Freezing tomatoes when at their peak of flavor is a great way to enjoy summer’s bounty out-of-season. Tomatoes may be frozen whole, chopped, sliced, or pureed as either juice or sauce. When thawed to room temperature, they make tasty additions to stews, soups, sauces, and casseroles. Following these few simple steps will ensure that you always have on-hand the fresh, bright flavors of the garden.
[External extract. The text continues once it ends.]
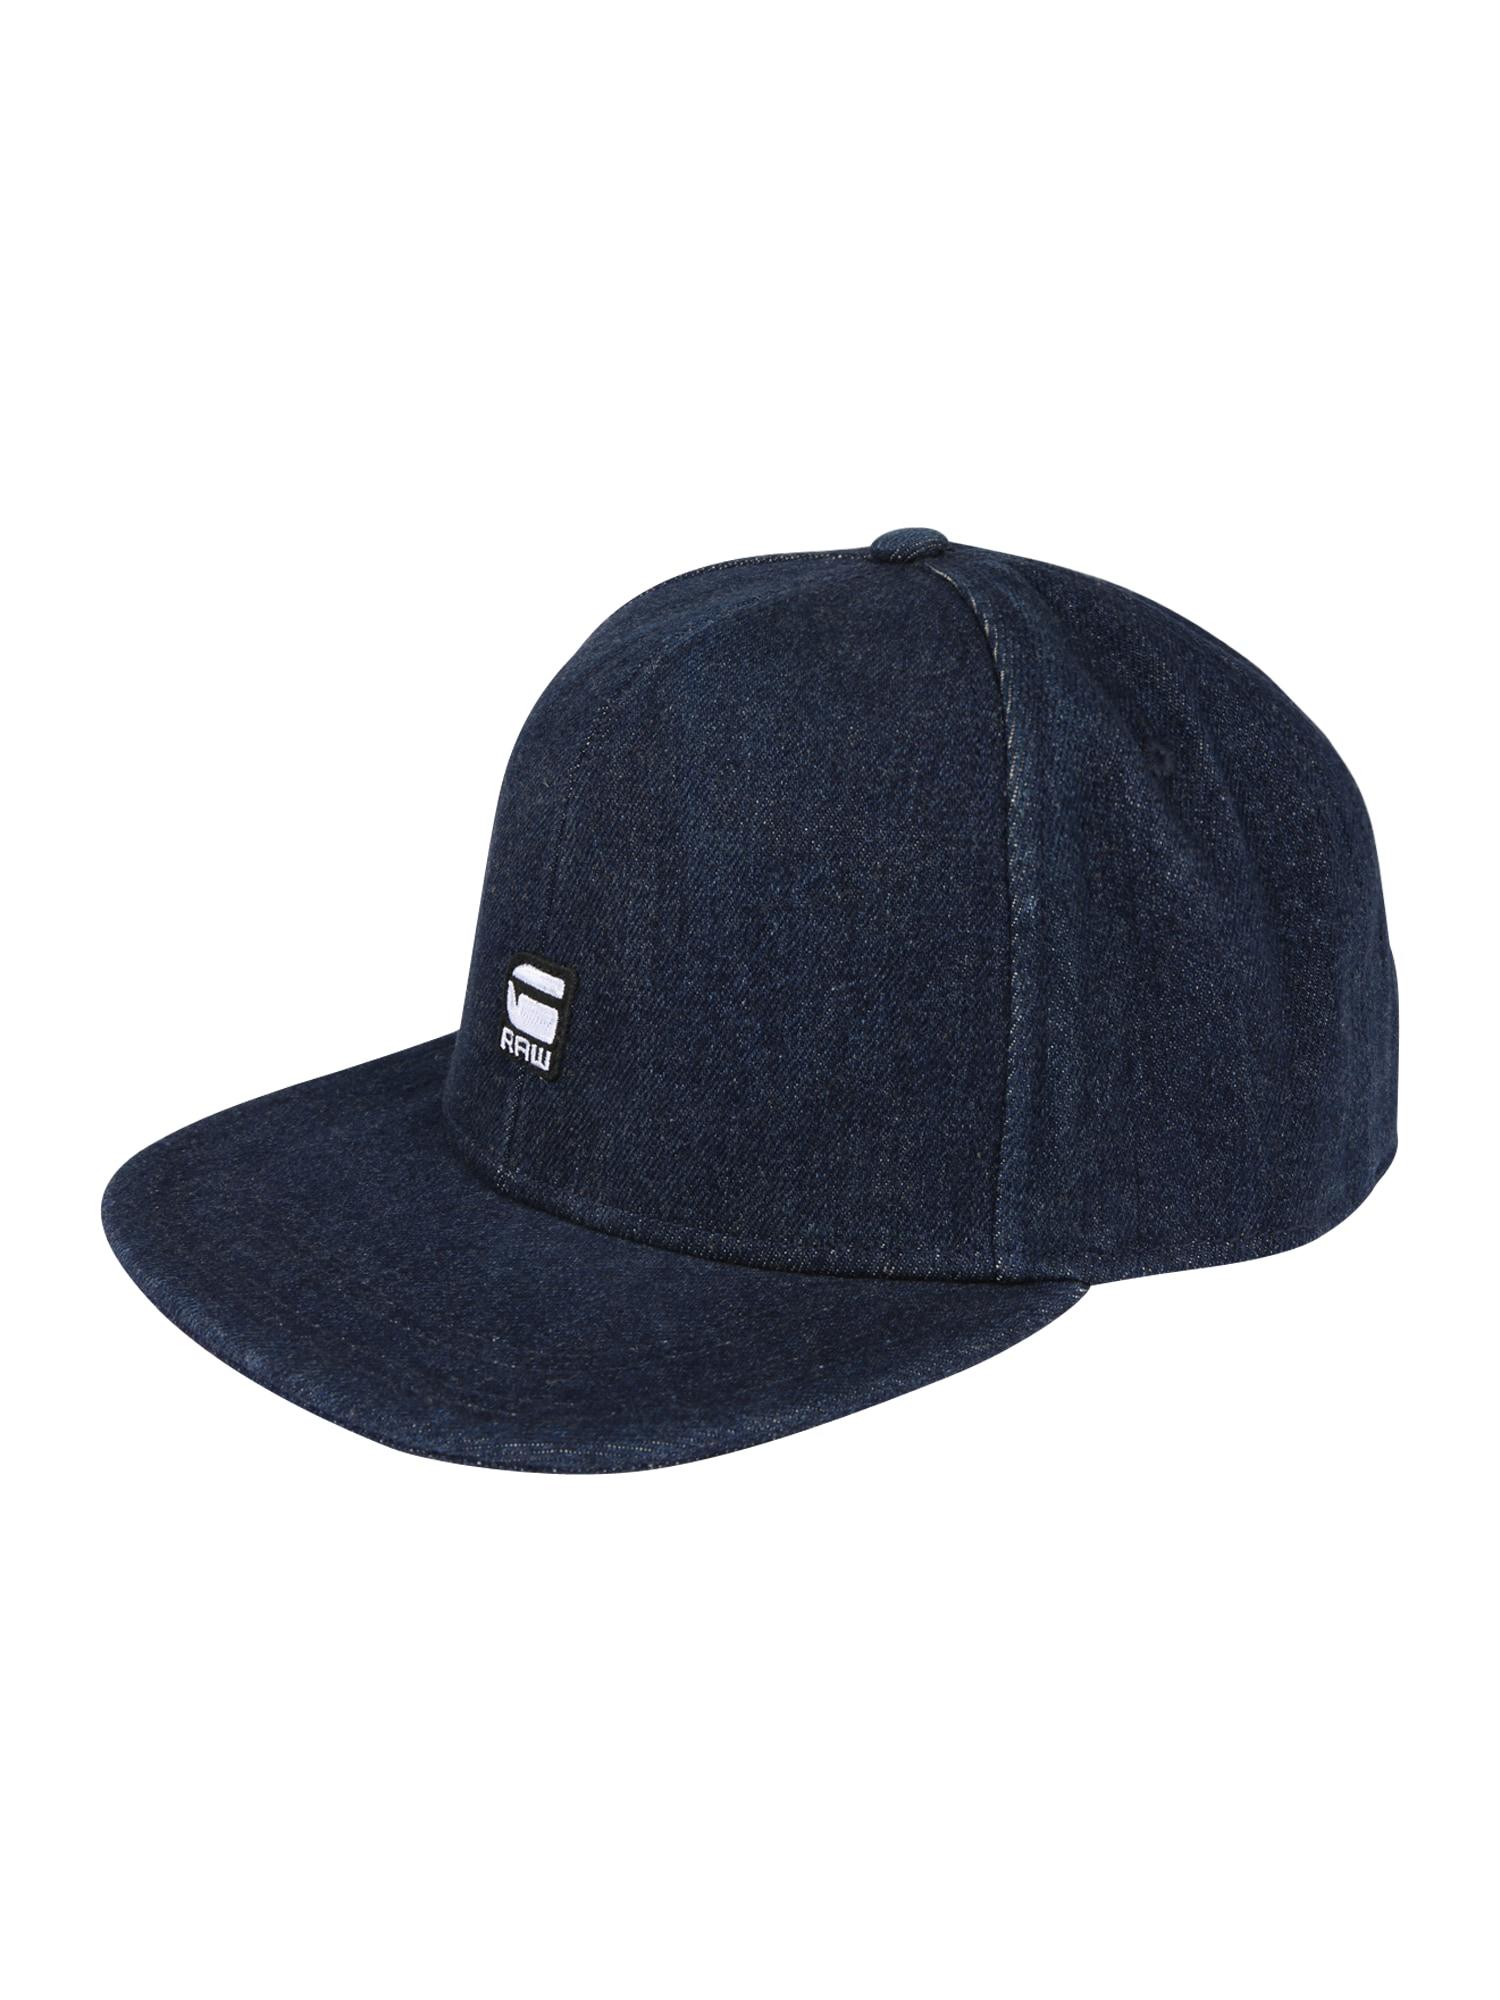 Kšiltovka Data snapback cap tmavě modrá G-STAR RAW

First, select only vine-ripened tomatoes either from your garden or local farmer’s market. They should be deeply colored and tender, not soft or mushy. Avoid tomatoes marked with spots or bruises. Rinse each tomato under cold running water to remove soil or any residue of pesticides or herbicides. Remove the stem with a paring knife. Drop 2 to 3 tomatoes at a time into a stockpot full of water that has come to a rapid boil. When the skins begin to loosen (about 30 seconds), remove each tomato from the water with a slotted spoon. Immediately plunge tomatoes in a bowl of ice-water to stop the cooking process. Gently slide the skins from the flesh. Using a serrated knife, remove the core and any leftover bits of peel. Leave whole, or cut them into halves or quarters. Likewise, chop, dice or puree. Pack tomatoes into zip-lock freezer bags, leaving a bit of room at the top to squeeze the air out before sealing. Finally, lay filled bags flat on a freezer shelf. When fully frozen, stack bags on top of one another.
Alternatively, you may freeze tomatoes raw. Simply follow the steps above, but omit the par-boiling process. Tomatoes, frozen raw or cooked, will keep in your freezer until the next harvest.